• **DATA EXTRACT**:
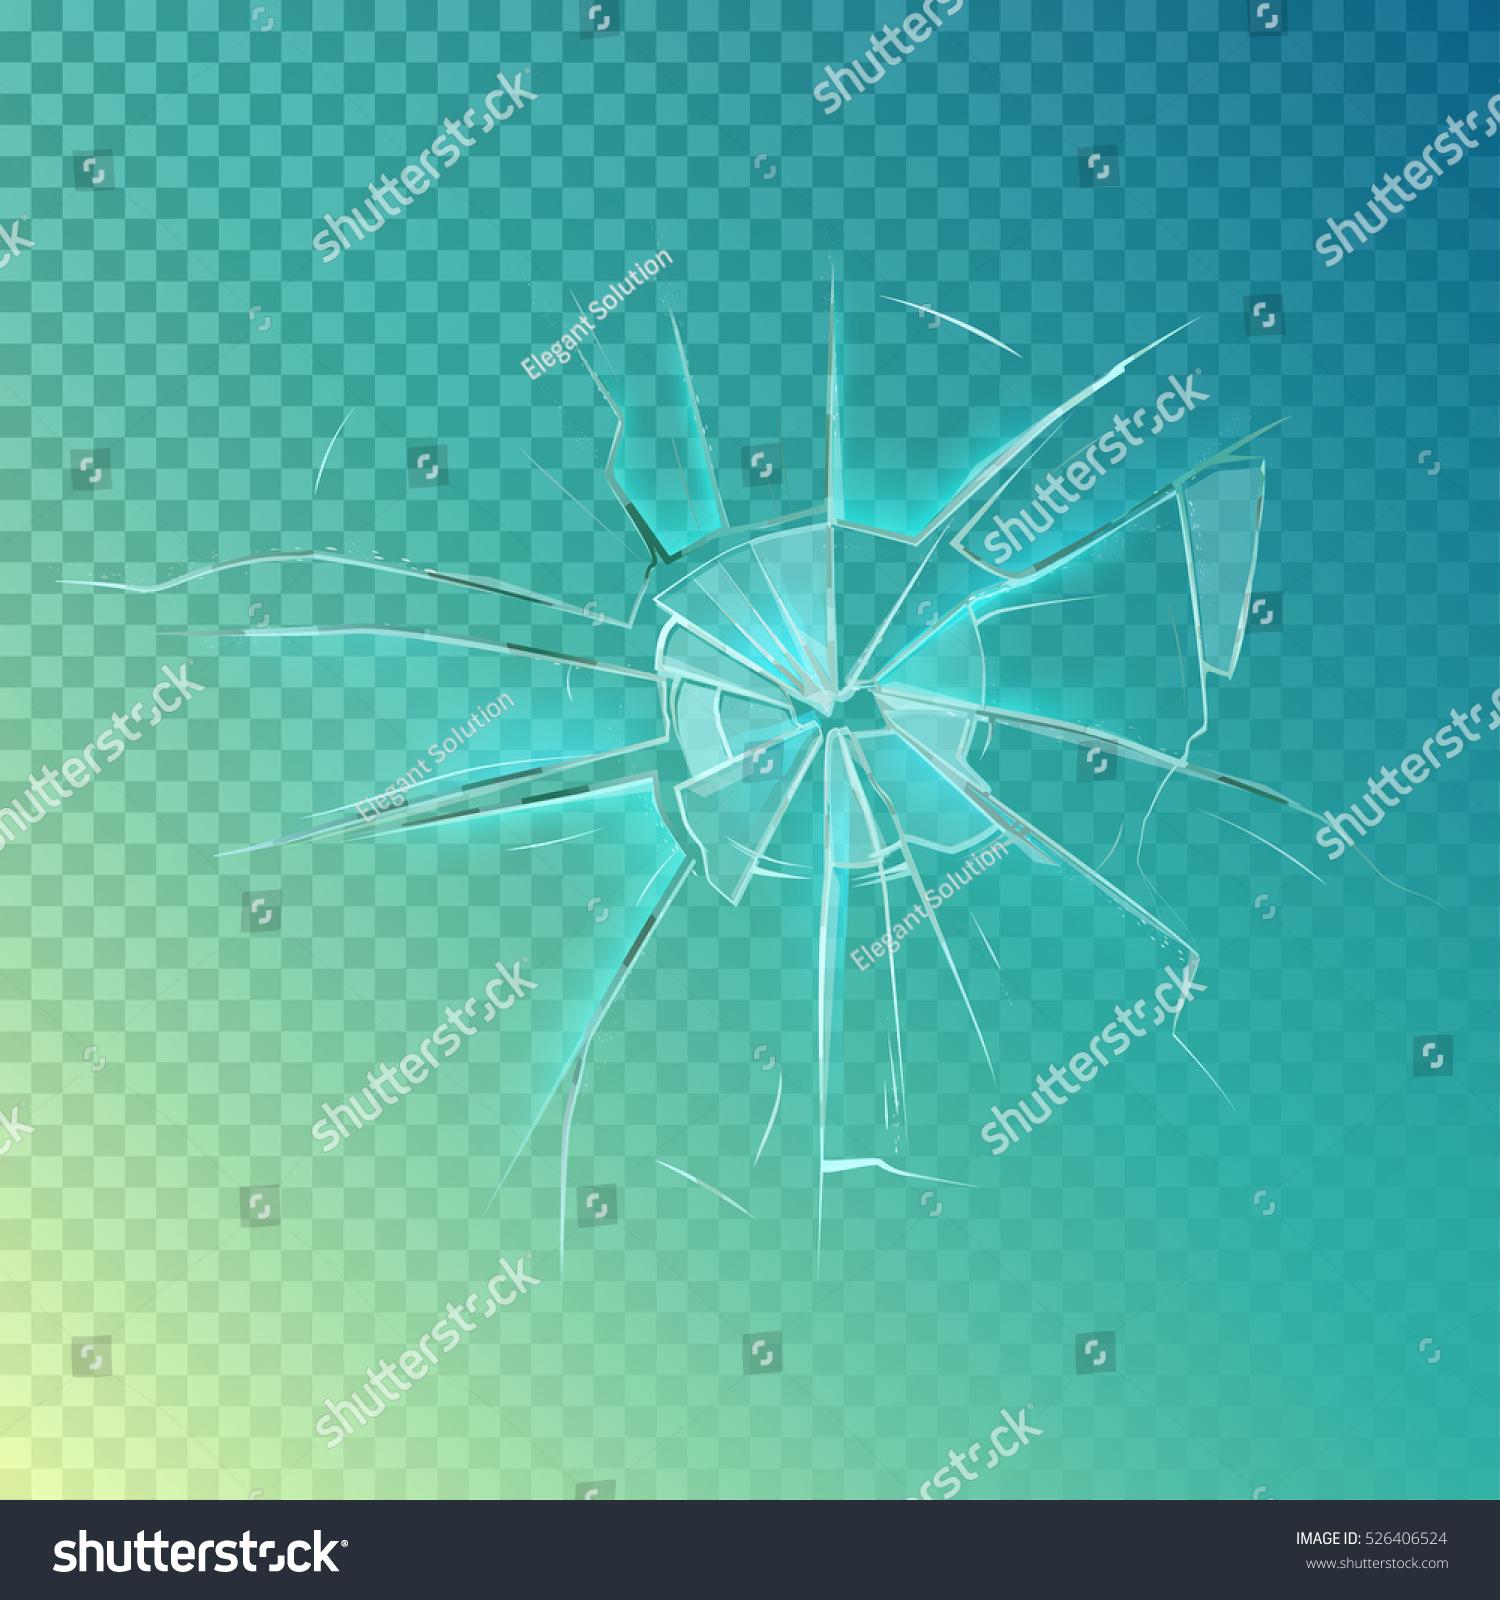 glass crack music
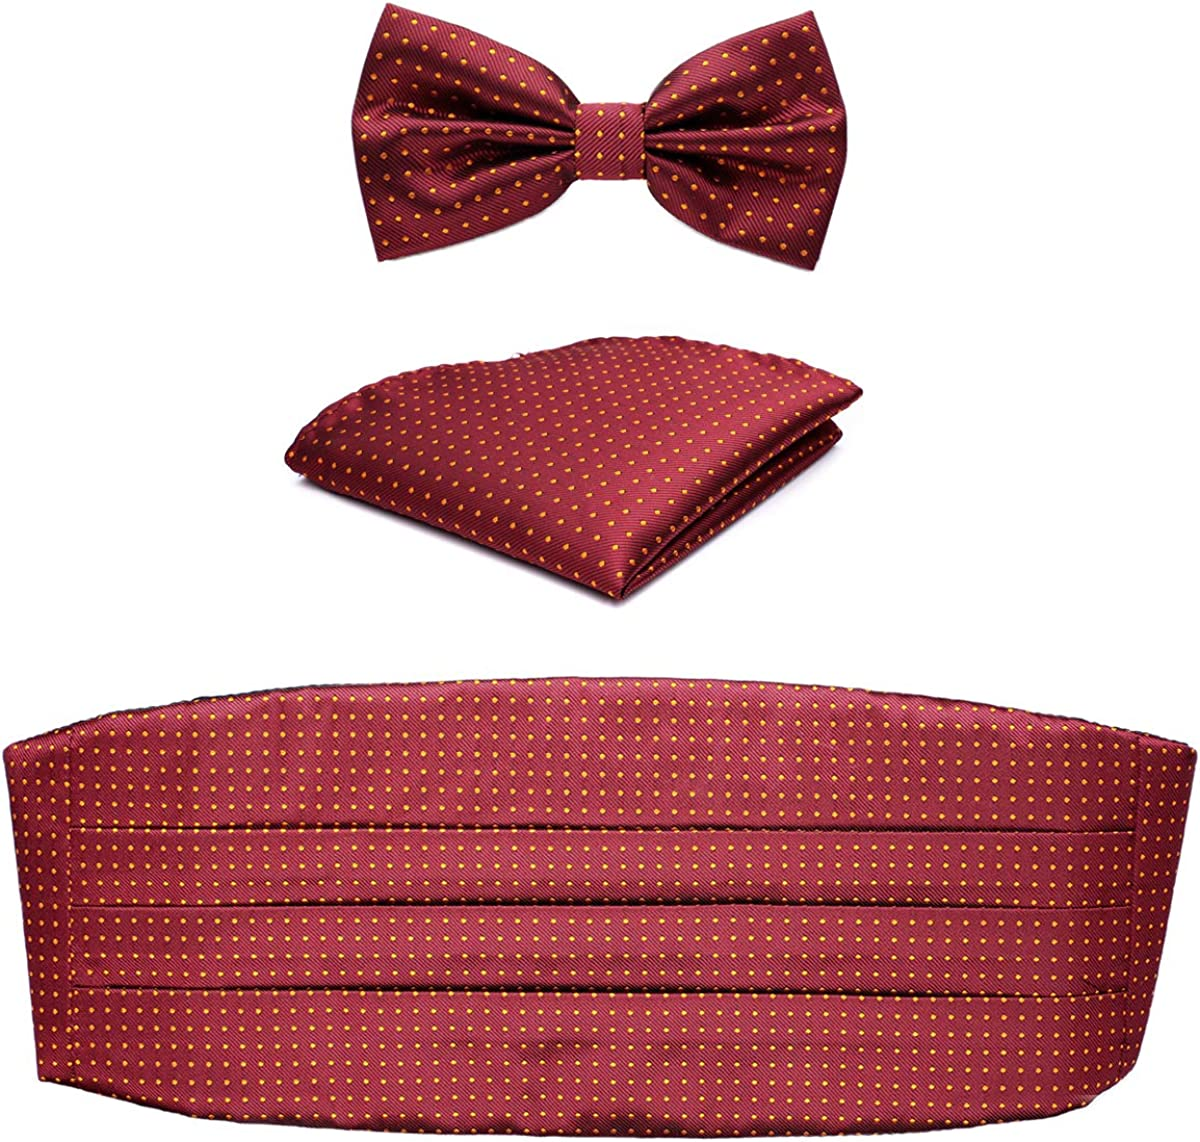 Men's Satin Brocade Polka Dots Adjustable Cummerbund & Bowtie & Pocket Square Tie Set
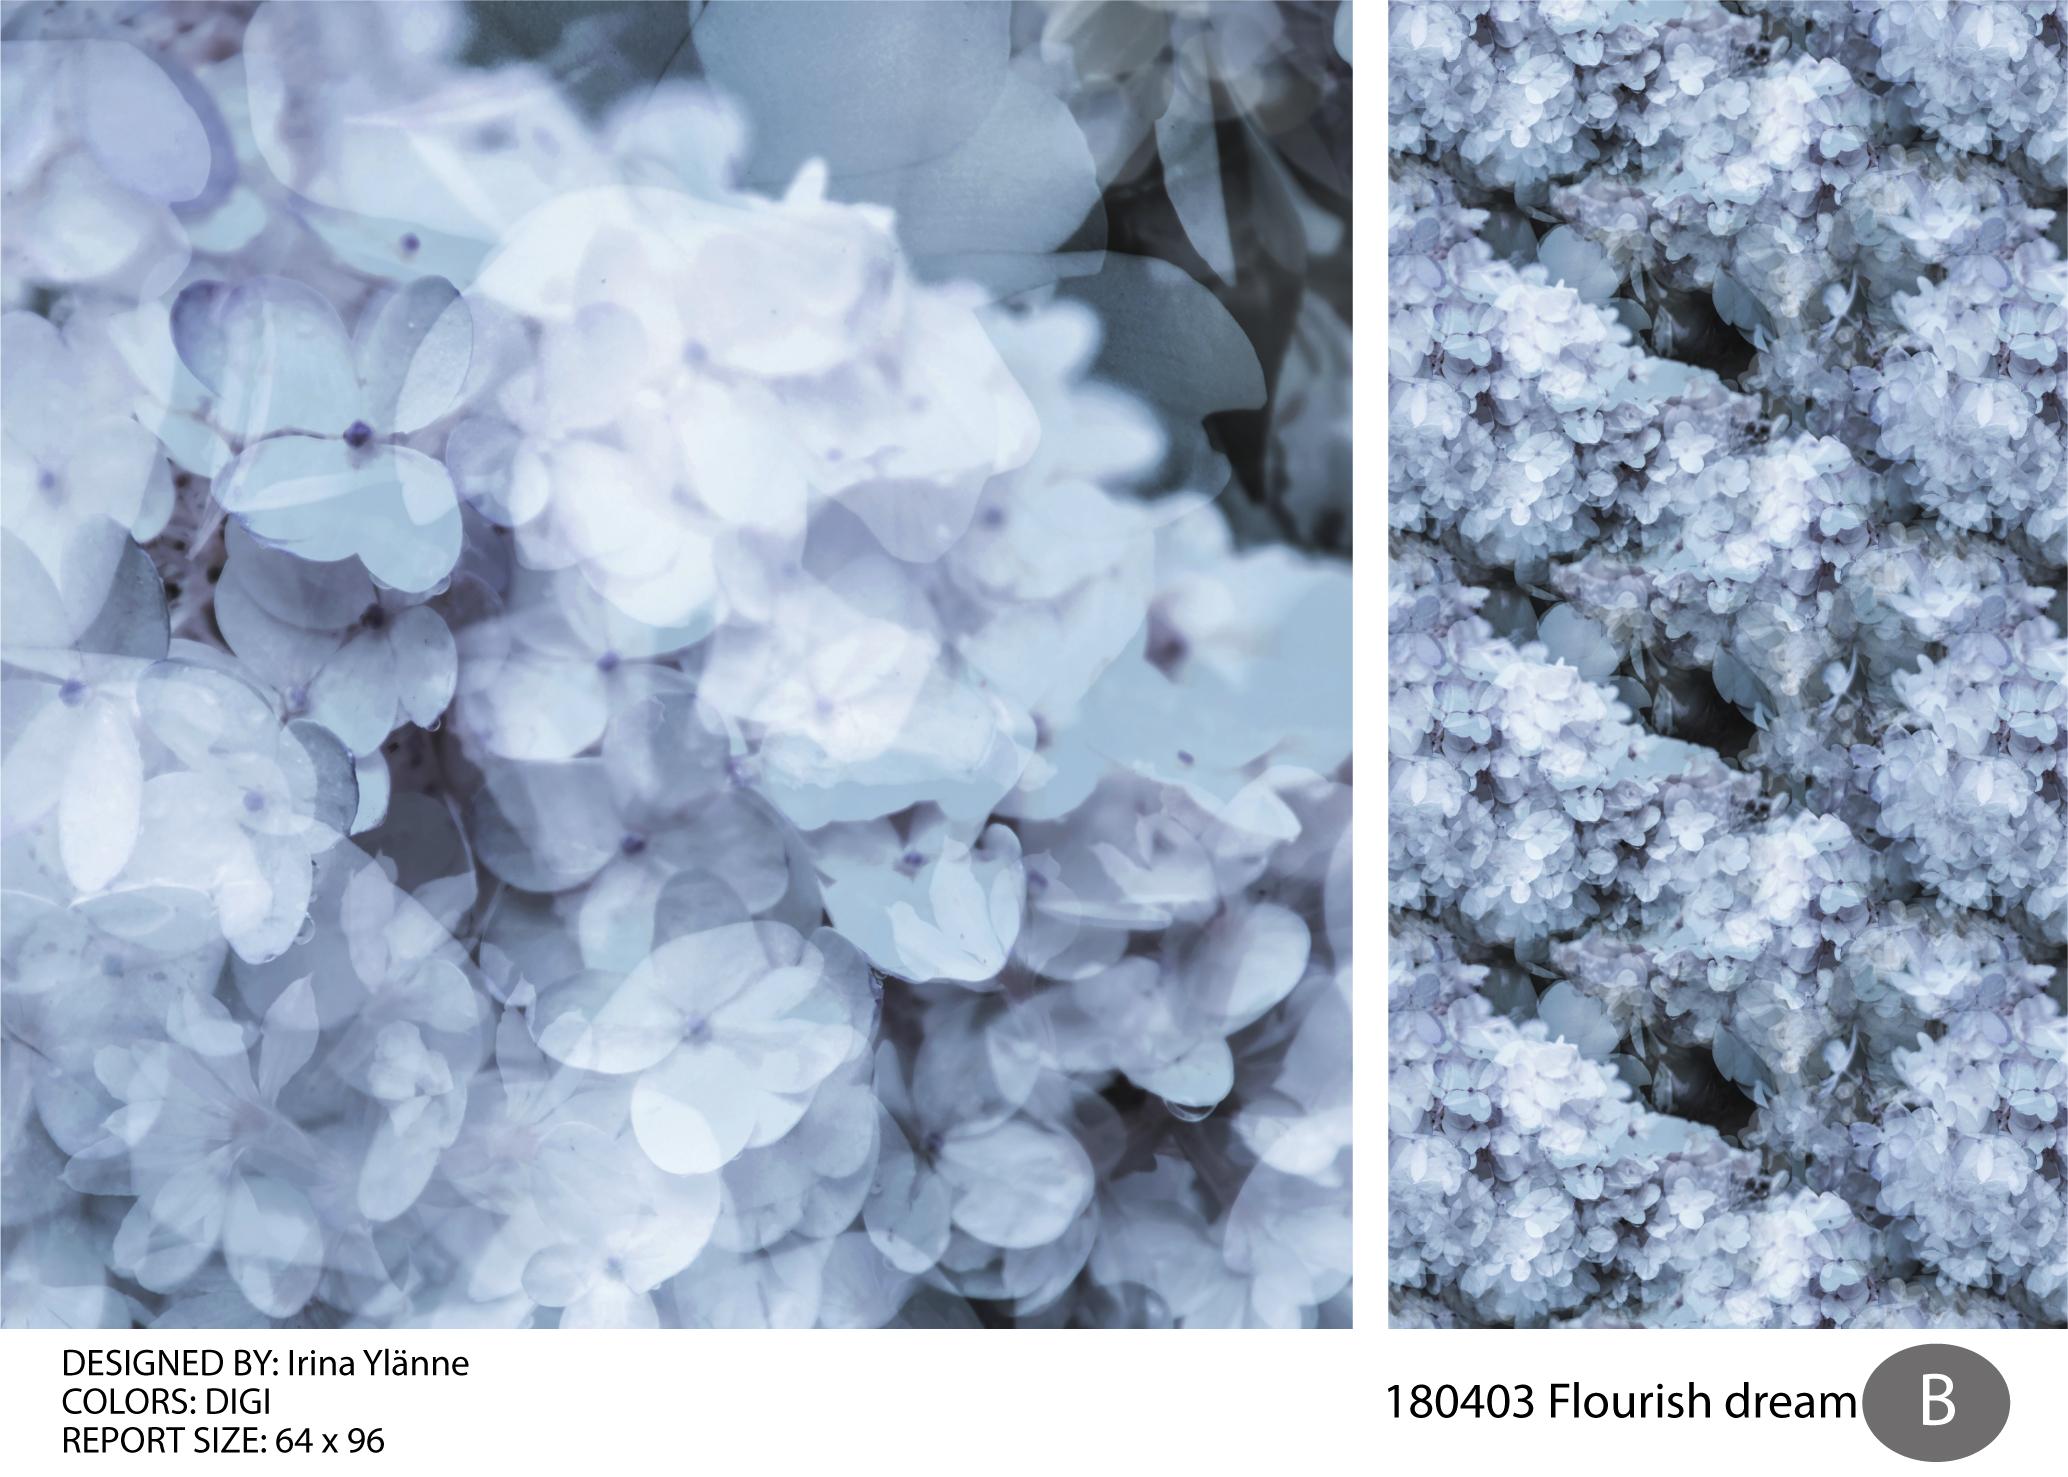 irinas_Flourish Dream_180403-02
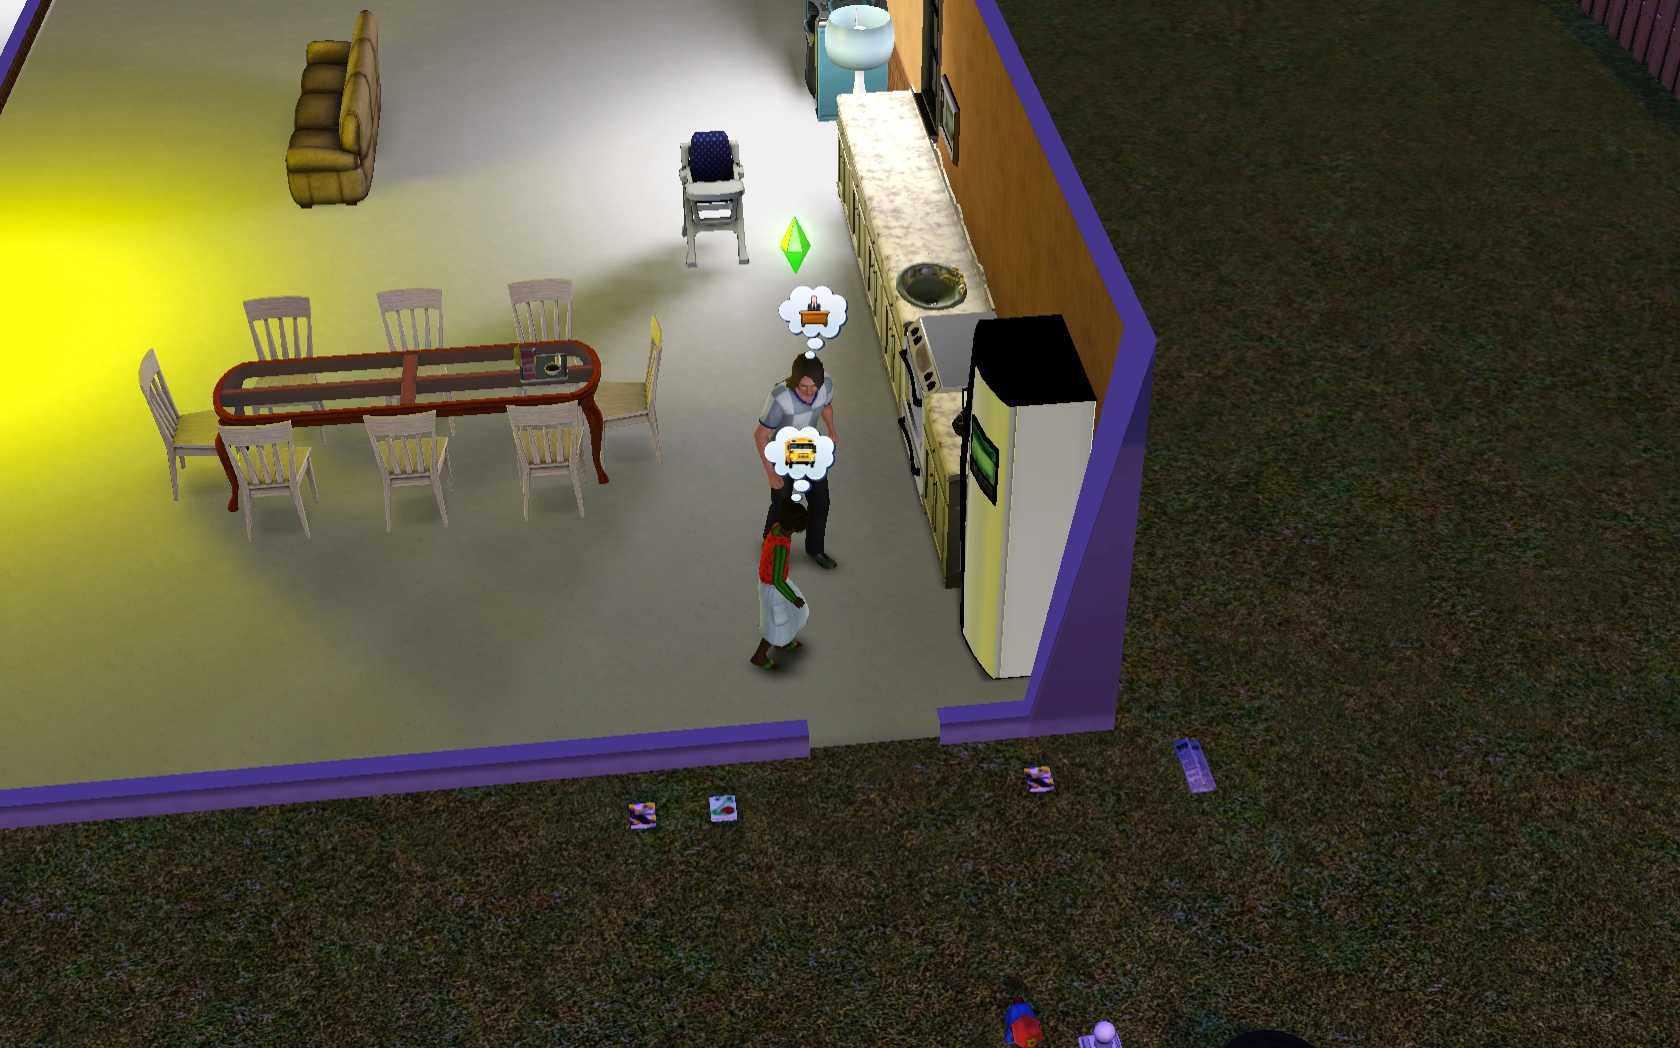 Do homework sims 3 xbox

• **WORK TO BE COMPLETED**:
Leaving out the pictures, transcribe the material above exactly.

• **SOLUTION FOR THIS TASK**:
 glass crack music
 Men's Satin Brocade Polka Dots Adjustable Cummerbund & Bowtie & Pocket Square Tie Set
 irinas_Flourish Dream_180403-02
 Do homework sims 3 xbox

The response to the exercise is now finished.